Colombia dismantles network that processed false documents for migrants from Venezuela and the Dominican Republic

The Colombian prosecutor’s office reported on Thursday the capture of 31 people who were allegedly part of a migrant smuggling network in charge of processing and supplying false documents to citizens of the Dominican Republic and Venezuela, who with alleged Colombian identities began their journey to Mexico or Guatemala and then crossed by land to the United States.

Among those detained are alleged ringleaders, recruiters of potential clients and public servants of the Registry, the state entity in charge of identifying Colombians, and the chancellery, where passports are issued.

The network would have processed at least 344 false identification cards for migrants and 304 passports that were canceled after the investigation. Obtaining the false documents would have cost each migrant between $2,000 and $4,500, said Colonel Edwin Masleider Urrego, director of Criminal Investigation and Interpol of the Police, in a statement.

According to the prosecutor’s office, three employees and six former employees of the Registry Office would have located civil records of people who had not issued their IDs to impersonate them, while three officials and five former employees of the Chancellery would have formalized the false passports.

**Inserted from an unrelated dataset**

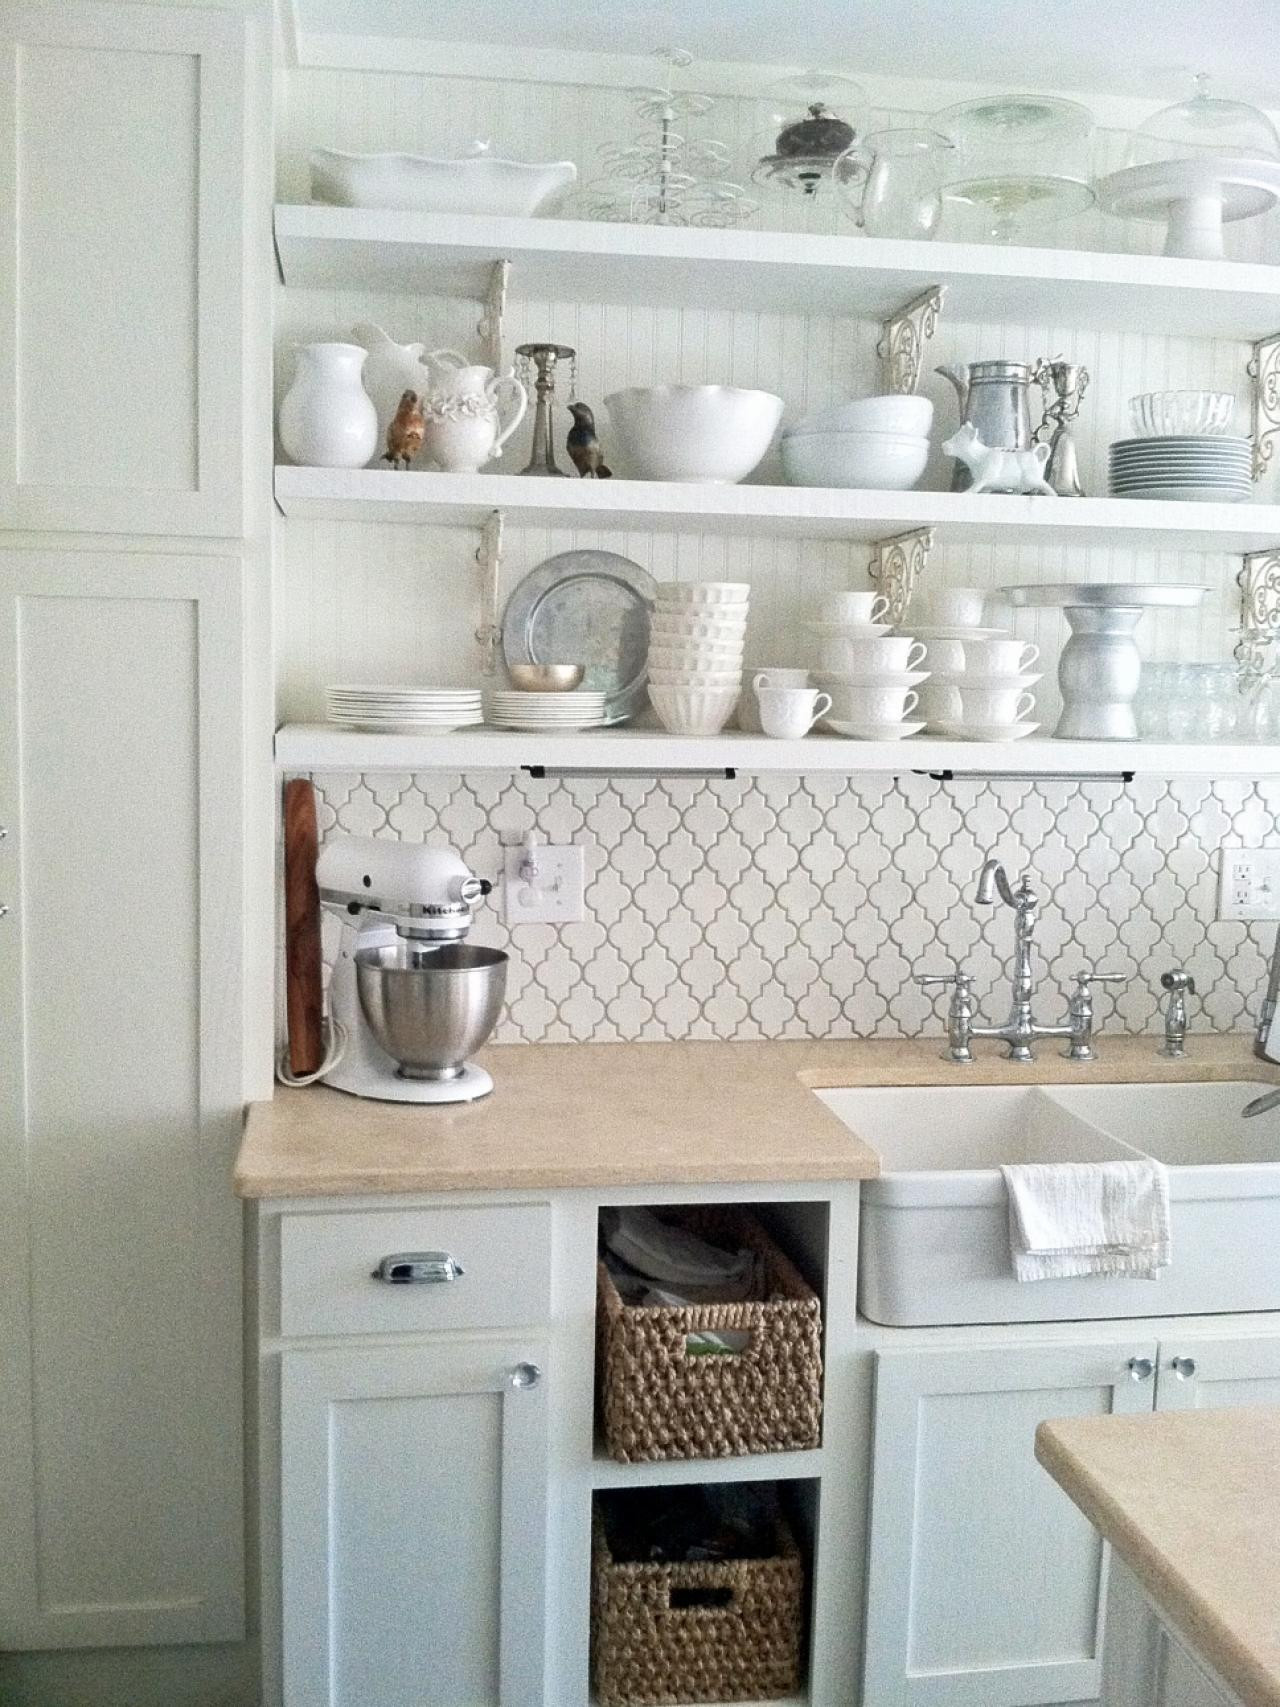 Kitchen Wall Shelves
 White Wall Shelves for Effective Storage in Small Kitchen

The investigation began in 2021 and culminated in the capture of the alleged members in Bogotá and the departments of Atlántico, Córdoba, Cesar, Sucre and La Guajira, in the north of the country, and Amazonas and Caquetá, in the south.

The prosecution identified at least two irregular routes used by migrants who obtained false documents. Some traveled to Mexico or Guatemala to then arrive by land to the United States and others went to European countries to stay permanently or look for a new way to enter the United States.

A Dominican and a Colombian would be the ringleaders of the network. The man is wanted with a blue Interpol notification in 196 countries and the woman was captured in the operation and accused of directing her collaborators, including six of her relatives.

The prosecutor’s office will charge those captured, according to their role, with the crimes of migrant smuggling, ideological falsification in public documents, conspiracy to commit a crime and illicit enrichment, for which they are exposed to sentences of between 9 and 15 years in prison.